More specifically, failure modes where you have a lack of forward progress is a classic problem that affect systems with multiple components. One classic way to get into this position is to have timeouts incorrectly set such that the backend system is doing work whose results are thrown away because a system in front of it had a lower timeout. This is why the default should be to have the rpc timeout in Cassandra higher than the client timeout. In this case, any system not perfectly built to have latencies correctly configure will be much better served by falling back to LIFO.

Further, I strongly disagree that optimizing for the non-overload case is the right approach. In most cases, averages are given much too much credence. It's completely irrelevant to most serious production use-cases whether your average is 5 ms instead of 6 ms; what tends to be much more important is that you don't explode/fall over as soon as there is a hiccup somewhere. This is a similar observation to the discussion in CASSANDRA-2540. Slight differences in the average (or median) latency is not what brings down a production system; sudden explosions and things falling over, is.

Also, consider that an overload condition is not this once-in-a-year case where someone forgot to add capacity.

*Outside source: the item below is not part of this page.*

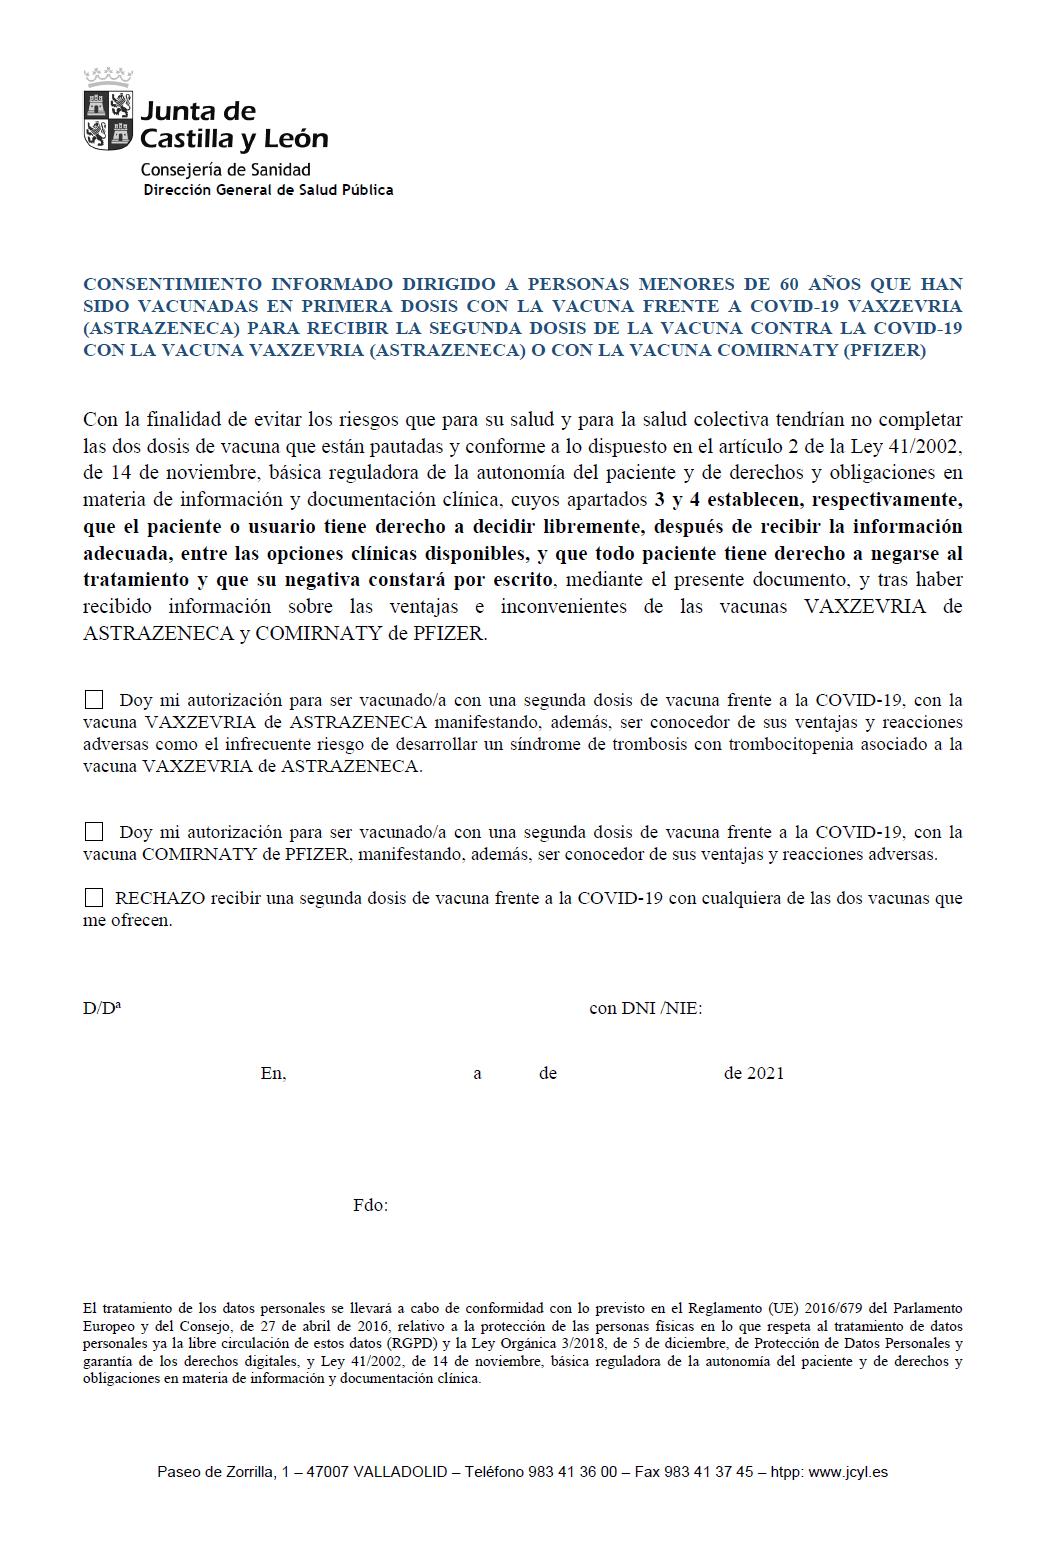 CONSENTIMIENTO INFORMADO CyL VACUNA 2ª DOSIS

This behavior characteristic applies whenever:

* A node goes into a GC pause.
* Node(s) are restarted and caches are cold.
* Node(s) are backed up by streaming/compaction (easily a problem if practical concerns caused a late capacity add, especially as long as CASSANDRA-3569 is in effect).
* The operating system decides to flush dirty buffers to disk and for some reason (streaming, compaction) there's a non-trivial impact (say, 500 ms) on I/O.
* Probably a slew of cases I'm not thinking of :)

Real production systems aren't very usefully judged by the overall latencies over time without looking at outliers (not just in terms of pXX latencies, outliers in behavior, etc); what matters is whether the system works reliably and well consistently across a longer period of time, rather than having hiccups significantly affecting other services every now and then as soon as there is some issue with a node. At least this has been all my experience so far, ever, with systems running at high throughput/capacity (rather than 90% idle) where high availability is a concern. 

I think that if someone truly has a situation where surrounding systems are perfect and they really truly care about a millisecond here and there on averages, or care more about absolutely minimizing outliers in non-overload conditions, they can easily turn the feature I'm suggesting here off (or not turn it on, if it's not the default), and they should be worried about enabling data reads by default, submitting requests to multiple co-ordinators to avoid co-ordinator GC pauses (probabilistically), replace the dynamic snitch to something that reacts faster (even if it takes CPU expense), etc. I am not saying these people don't exist (we have potential use-cases here with very strict latency requirements which will probably take measure like these to make it feasable), but I'm saying that these situations are not really serviced right now *anyway* and it's sufficiently special that it's okay if default behavior is not optimizing for this case.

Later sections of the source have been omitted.